Paul Eggert wrote:
Feature creep is something we should avoid. Here, though, it's a real
pain to synchronize correctly and many people will get it wrong.
The problem is that it is impossible to get it right unless one does
something as extreme as unmounting-then-remounting the filesystem, or
even making a backup copy on a removable device and then verifying the
copy on a different computer.
Sure, as some file systems do not support fsync. Still, gzip should do
what it can.
I am not so sure. There seems to be an arms race between tools that do
what they can and ways of preventing those tools from doing it. Just
search for "disable fsync".
Even if invoked optionally, all this complication to perhaps achieve
nothing but a false sense of safety goes against my KISS philosophy.
Imagine if some backup tool begins calling 'gzip --synchronous', and
users are forced to install libeatmydata to disable it.
it may become an endless source of bug reports.

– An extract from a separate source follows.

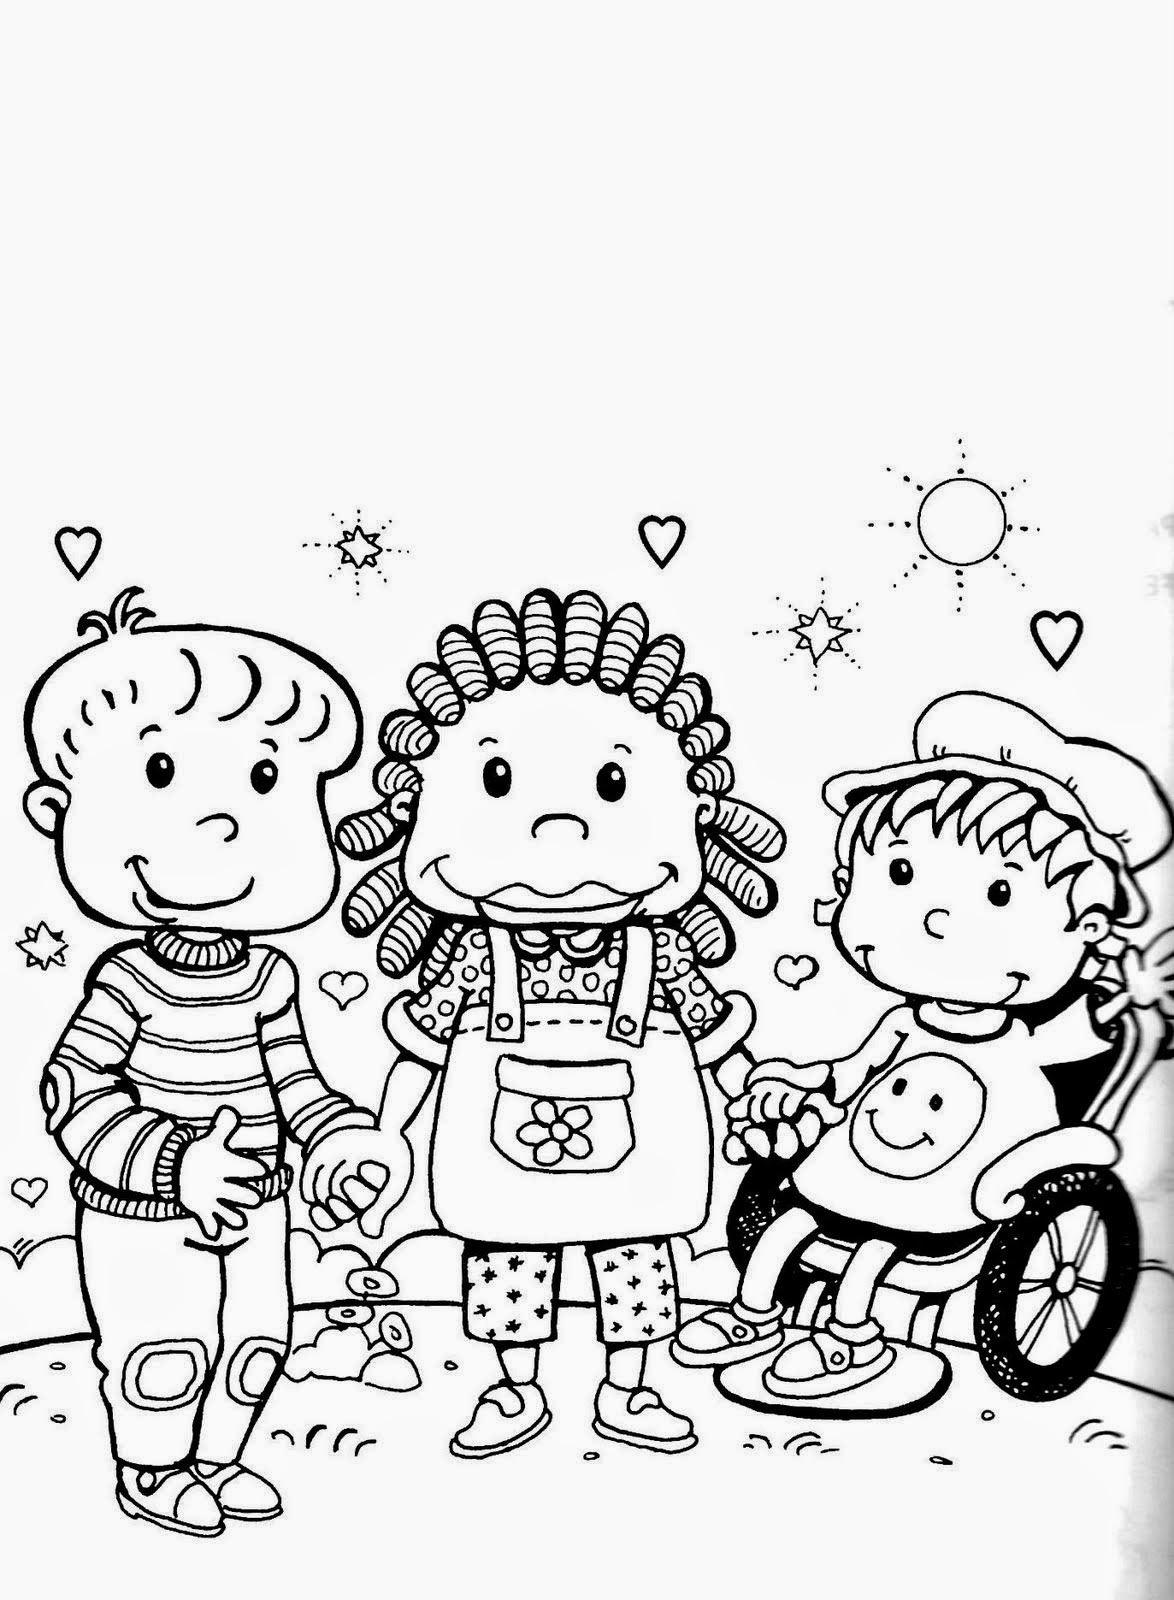 bauzinho da web baÚ da web desenhos de meninos e meninas
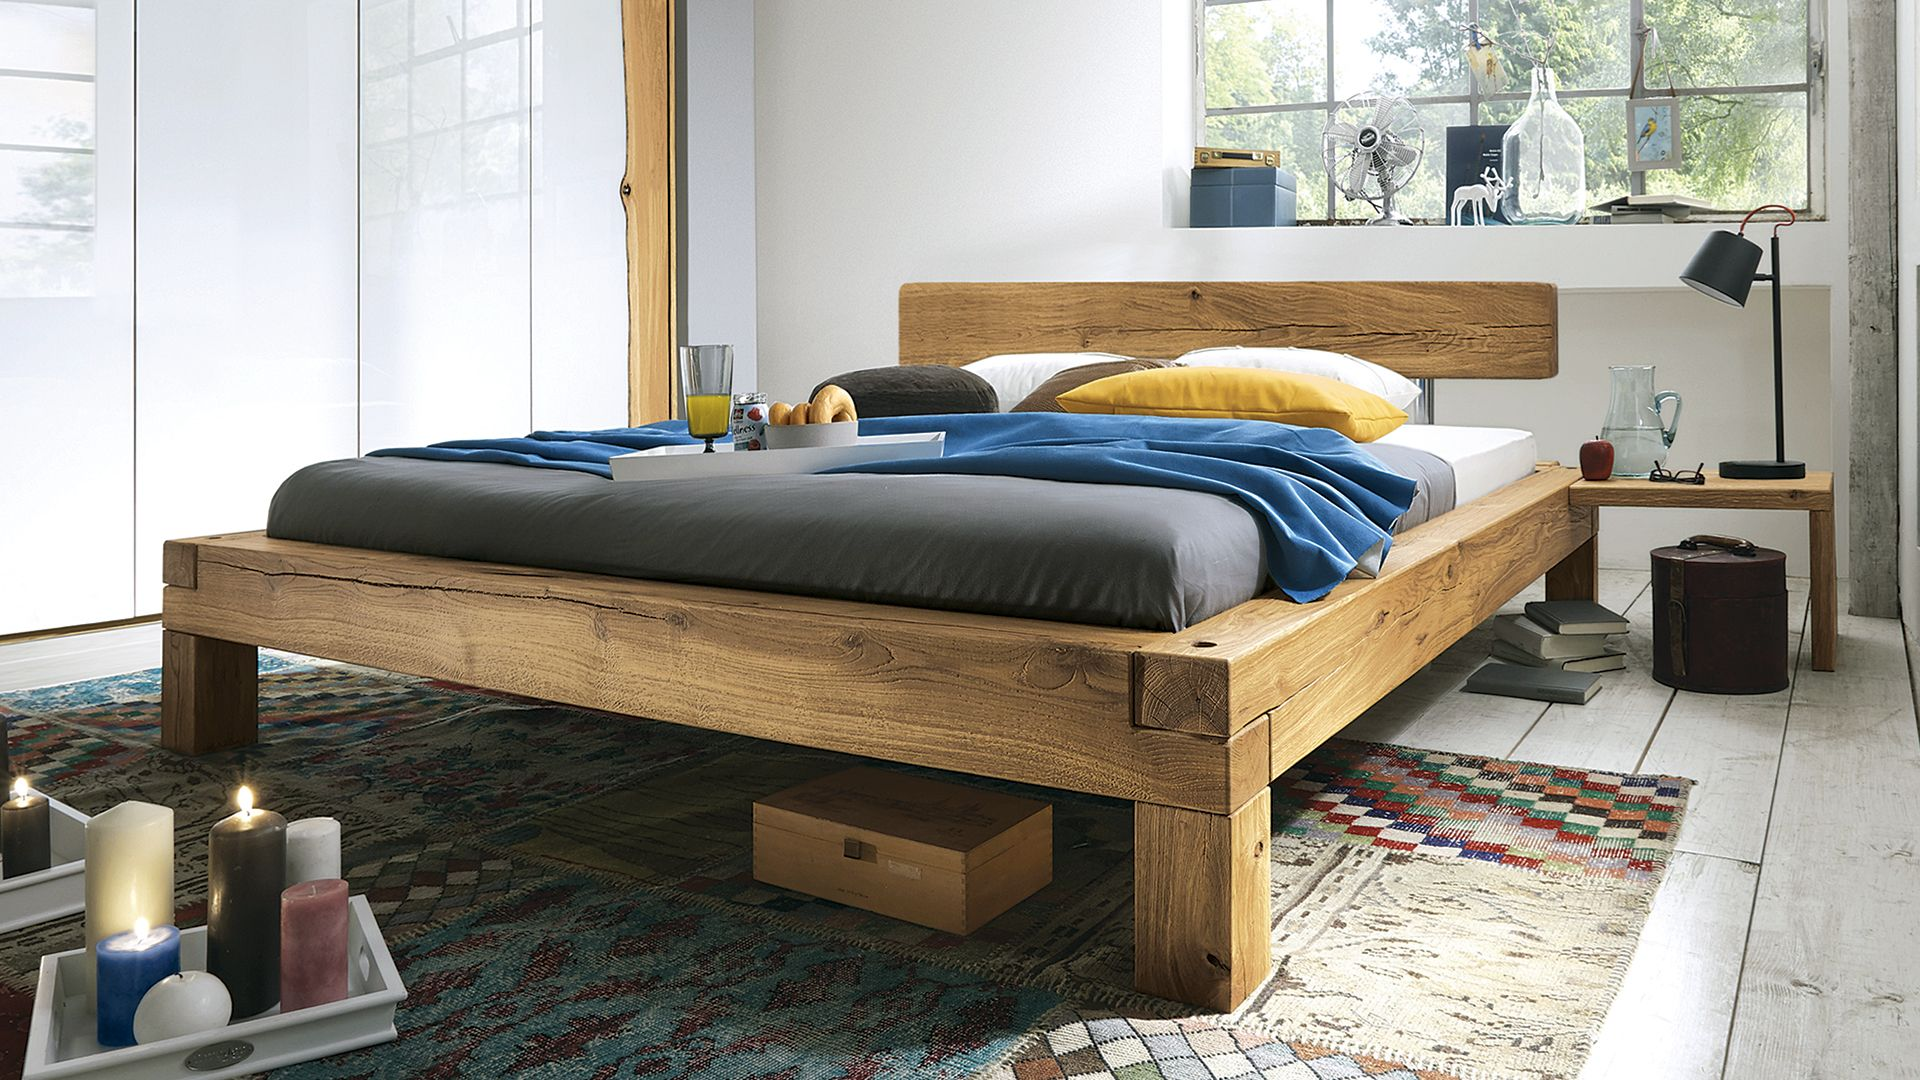 """Balkenbett """"Madea"""" (mit Bildern) Haus deko, Holz"""

I doubt it. gzip has run unsafely for decades, and this is the first
bug report about it -- one discovered by code inspection, not by actual
failure.
Publish or perish may be the cause of such an endless source of bug
reports. The next one might be titled "On why 'gzip --synchronous' does
not work on some filesystems".
(fsyncing also the destination's directory,
Yes, that needs fixing. Done in the patches I just now emailed to you.
Thanks. But I was not asking for a fix. Just pointing out what others
might ask.
True, fsync is a bad design. But that is no excuse for gzip losing data.
As I see it, it is not gzip the one losing the data, but the filesystem
that does not respect the write order, or even the user that chose such
filesystem (perhaps because of a good reason).
1) gzip --keep file # don't delete input
2) sync # commit output and directory to disk
3) zcmp file file.gz # verify output
4) rm file # then remove input
That approach does not suffice, because 'sync' does not guarantee that
the output data has been synchronized to disk.
I know, but how can you guarantee that 'gzip --synchronous' will work on
a system where the 'sync' above does not even guarantee that 'file.gz'
is written to disk before 'file' is deleted?
I still think that the right thing to do is to not implement any kind of
fsync functionality in gzip/lzip, and achieve permanence (when it is
needed) by some other means. As you said, gzip has run unsafely for
decades without a failure.
Best regards,
Antonio.